SECTION_READY:{"sectionIndex":1,"docIndex":1,"title":"Executive Summary"}
TASK_LIST_READY:[{"title":"Section 1","docNumber":1,"referenceFile":"doc01.md"}, ...]
const markerIdx = fullContent.lastIndexOf("\nSECTION_READY:");
if (markerIdx !== -1) {
const before = fullContent.slice(0, markerIdx).trim();
const markerLine = fullContent.slice(markerIdx + "\nSECTION_READY:".length).split("\n")[0].trim();
const markerData = JSON.parse(markerLine);
return { content: before, markerData };
}
Default port 3333 avoids conflicts with common local services. The working folder is created at runtime — mount a volume there to persist sessions across deploys.
FROM ubuntu:24.04
RUN apt-get update && apt-get install -y curl ca-certificates git \
&& rm -rf /var/lib/apt/lists/*
RUN curl -fsSL https://deb.nodesource.com/setup_22.x | bash - \
&& apt-get install -y nodejs
RUN npm install -g @anthropic-ai/claude-code
WORKDIR /app
COPY package*.json ./
RUN npm ci --omit=dev
COPY src/ ./src/
COPY public/ ./public/
COPY skills/ ./skills/
COPY agent.md ./agent.md
EXPOSE 3333
ENV NODE_ENV=production
CMD ["node", "src/server.js"]
{
"name": "my-headless-app",
"type": "module",
"scripts": {
"start": "node src/server.js",
"dev": "node --watch src/server.js"
},
"dependencies": {
"express": "^5.1.0"
}
}
// No build step.
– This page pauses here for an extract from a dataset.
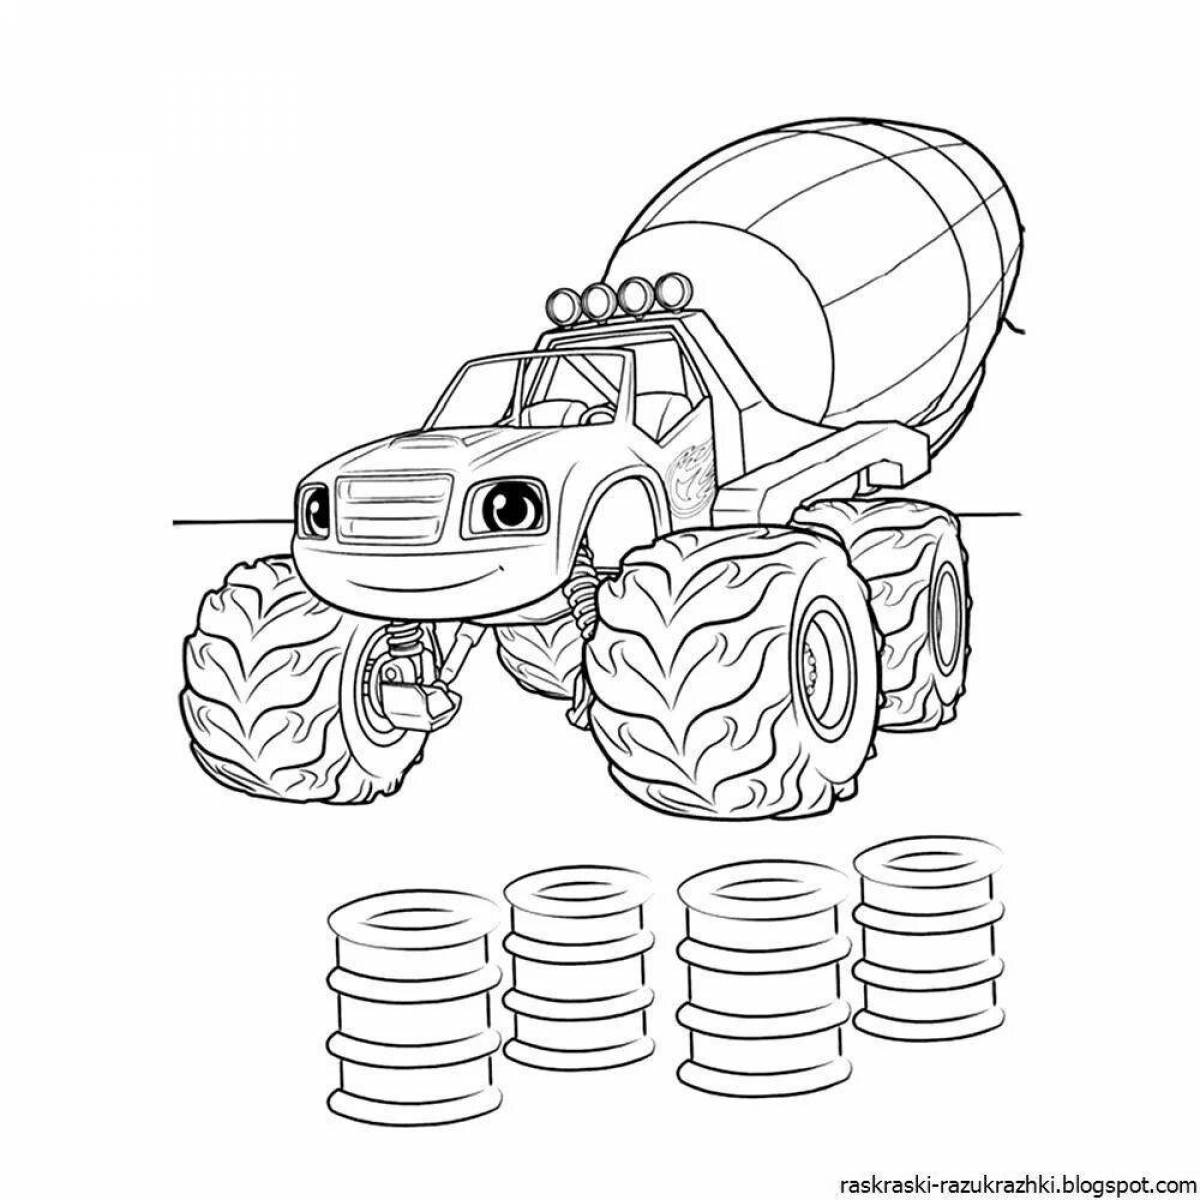 Colorful flash machine coloring page

No TypeScript. No bundler.
// Add dependencies only as genuinely needed.
// marked (for Markdown rendering) via CDN — not npm.
Grid: 1fr 420px. Left = domain controls/content. Right = chat pane (header + messages + composer). Chat is always visible.
Every chat header has a "Copy CLI Resume" button that copies claude --resume <sessionId> to clipboard — so users can continue in terminal.
Append a pending bubble before the API call completes, then update it as deltas stream in. CSS ::after spinner on .message.pending.
All views in one HTML file. showView(name) hides all .view elements, shows the target. No router needed.
Files encoded as base64 JSON (not multipart). Keeps the API consistent — everything is JSON POST. Backend receives { files: [{ name, data }] }.
Users highlight text in rendered content to attach targeted feedback. Collected as pendingFeedbacks[], sent with the next chat message.